一瞬、新しい遺体かと思った。
だが様子がおかしい。真っ先に駆け寄ったのはジストだった。
「お、おい、しっかりしろ!大丈夫か?!」
倒れていたのは青年だった。見るからに旅装束とはいえない、黒い上着を羽織っただけの軽装だ。
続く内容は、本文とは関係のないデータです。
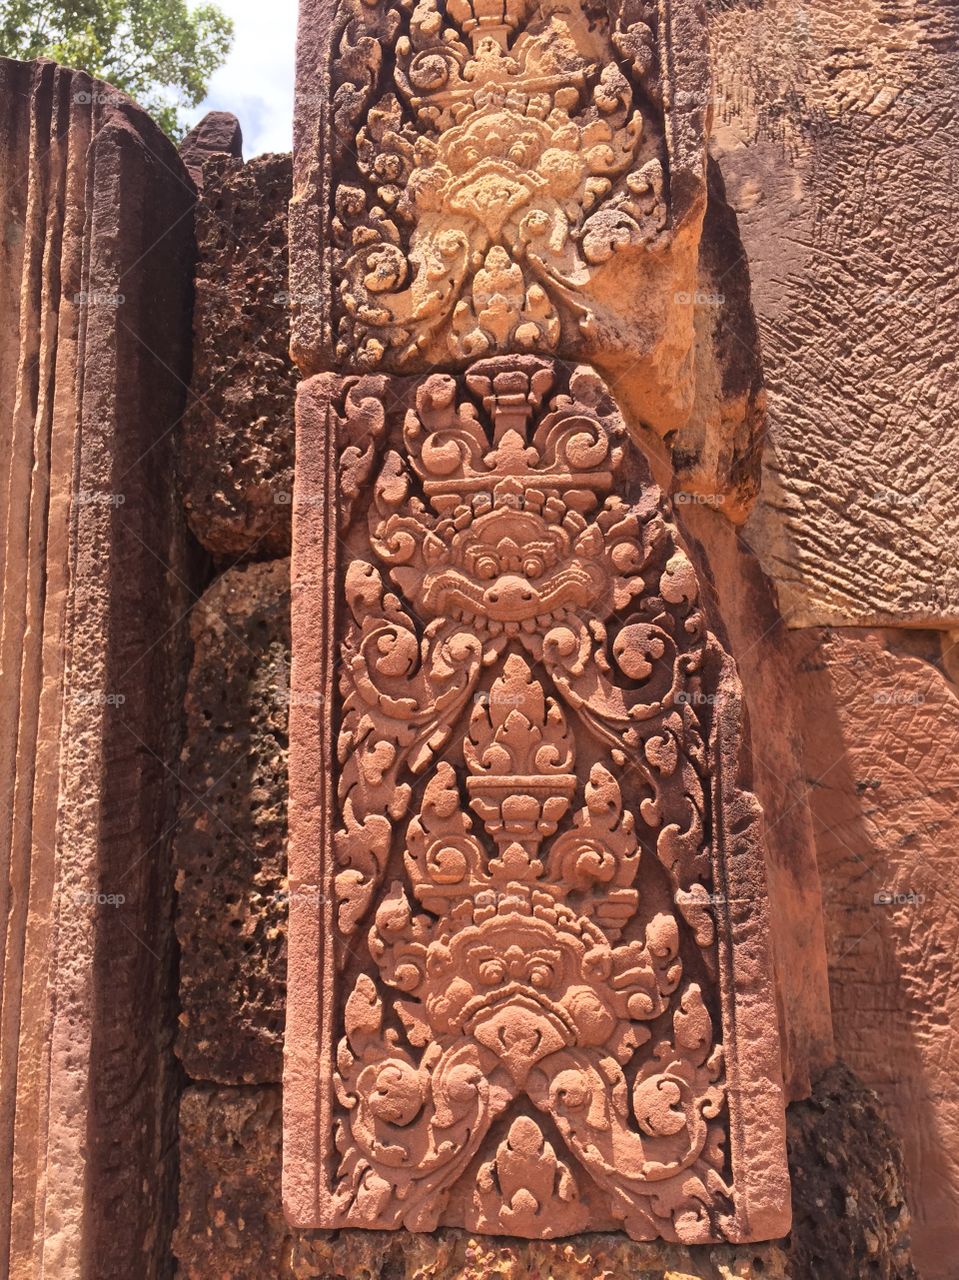 TheArt of Carving at Angkor Wat Temple, Cambodia 
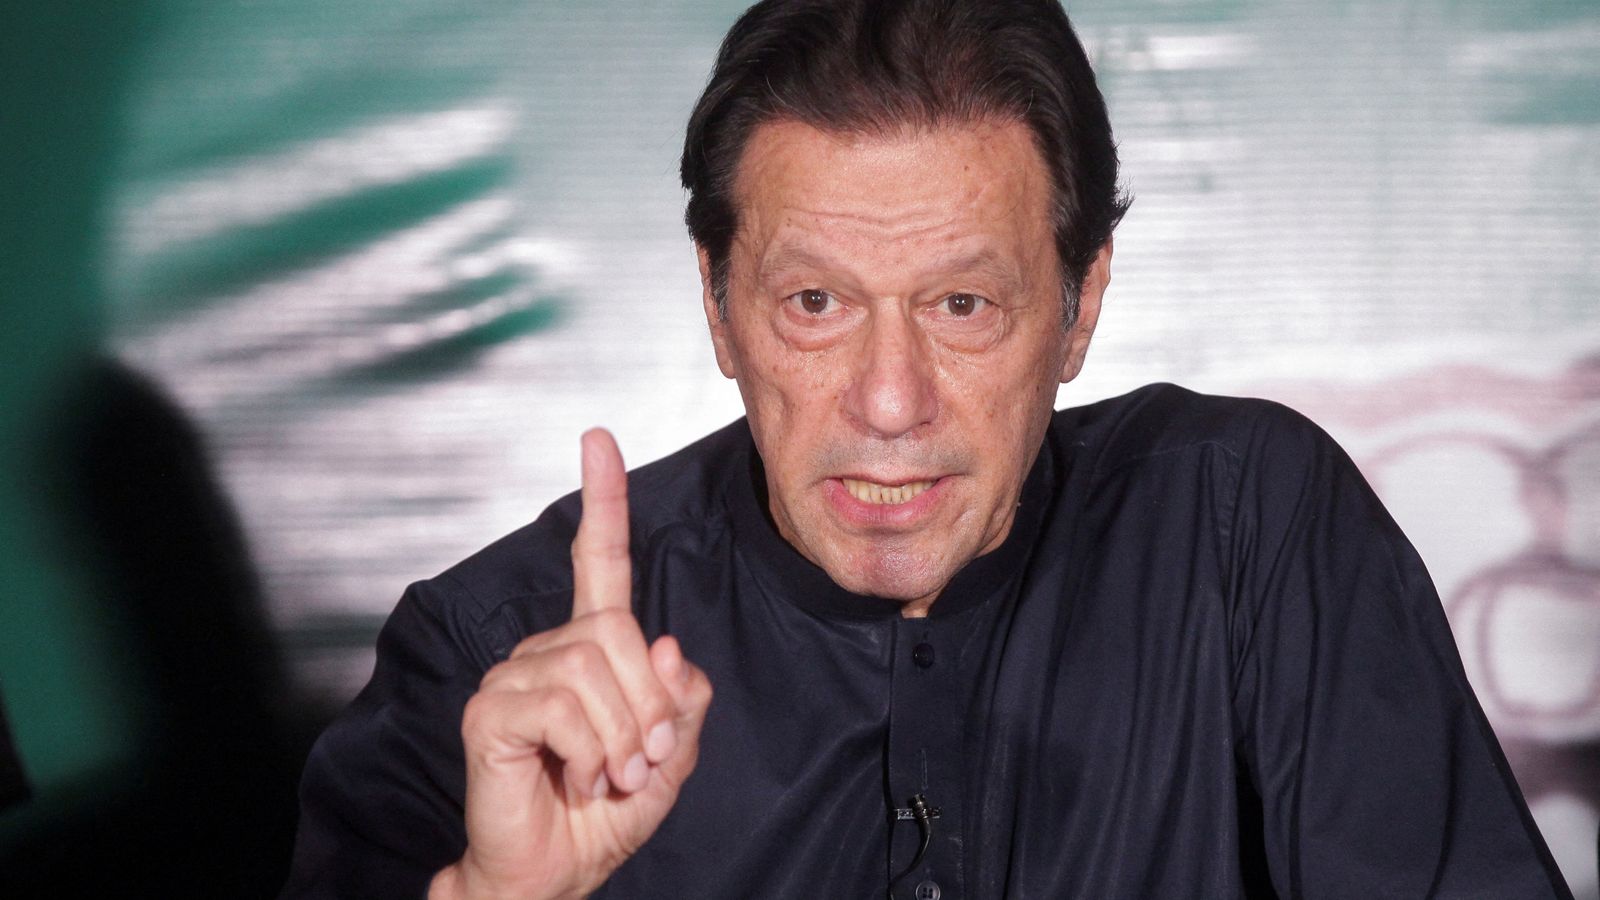 Der frühere pakistanische Premierminister Imran Khan wurde wegen der Preisgabe von Staatsgeheimnissen zu zehn Jahren Gefängnis verurteilt  Britische Nachrichten

うつ伏せになっていた彼をジストが揺するが、返事はない。
「い、いやですね。死体ですか?
姫様、迂闊に触らない方が・・・」
「サフィ、カイヤ、ちょっと来てくれないか」
ジストは青年の頭を膝の上に乗せ、顔を向けさせる。
彼の黒髪を指でどけると、青白い顔が露わになった。
唇の血色が悪いが、どうやら死んでいるわけではなさそうだ。
耳をすませば、今にも消え入りそうな吐息が聞こえる。
「た、大変・・・!
治療します!」
サフィは躊躇いなく彼のかすり傷を癒す。
一方のカイヤは顔を歪めた後に鞄の中の小瓶を漁った。
3人が夢中で介抱する傍らで、コーネルは背筋がゾッと凍るのを感じた。
「おい・・・傭兵」
小声でメノウを小突く。
「これはどういう事だ・・・」
「あんさんも結構鋭いなぁ」
ぼそぼそと囁き合う隣でアンバーが口を開く。
「ねぇ、その人。
・・・ジストに似てない?」
全員の動きが止まる。
「私に・・・だと?」
「ほ、ほんとだ。姫様そっくり・・・っていうか、」
生き写しだ。
ジスト以外の誰もが思った。
この世界で生まれついての黒髪は少ない。
それだけではなく、中性的な顔立ちも肌の色も背格好も、不気味なほどによく似ていた。
最も悍ましさを感じたコーネルの脳裏にはアクロの姿が浮かぶ。
「“ドッペルゲンガー”って知ってます?
世界に何人か、自分にそっくりな人がいるって」
カイヤが青年の腕に何かを注射しながら呟く。
「ボクは会った事ないですけど、博士はあるって言ってました。
王子も、確かそうでしたよね?」
「そのドッペルゲンガーってやつ、そうそう頻繁に会うものなの?
俺は会った事ないけど・・・。
ただの偶然、・・・って思いたいけど、なんとなく嫌な感じする。
それも、俺達が旅を始めたこの期間だけで、2人目だなんて」
「うっ」
突然の呻き声が遮る。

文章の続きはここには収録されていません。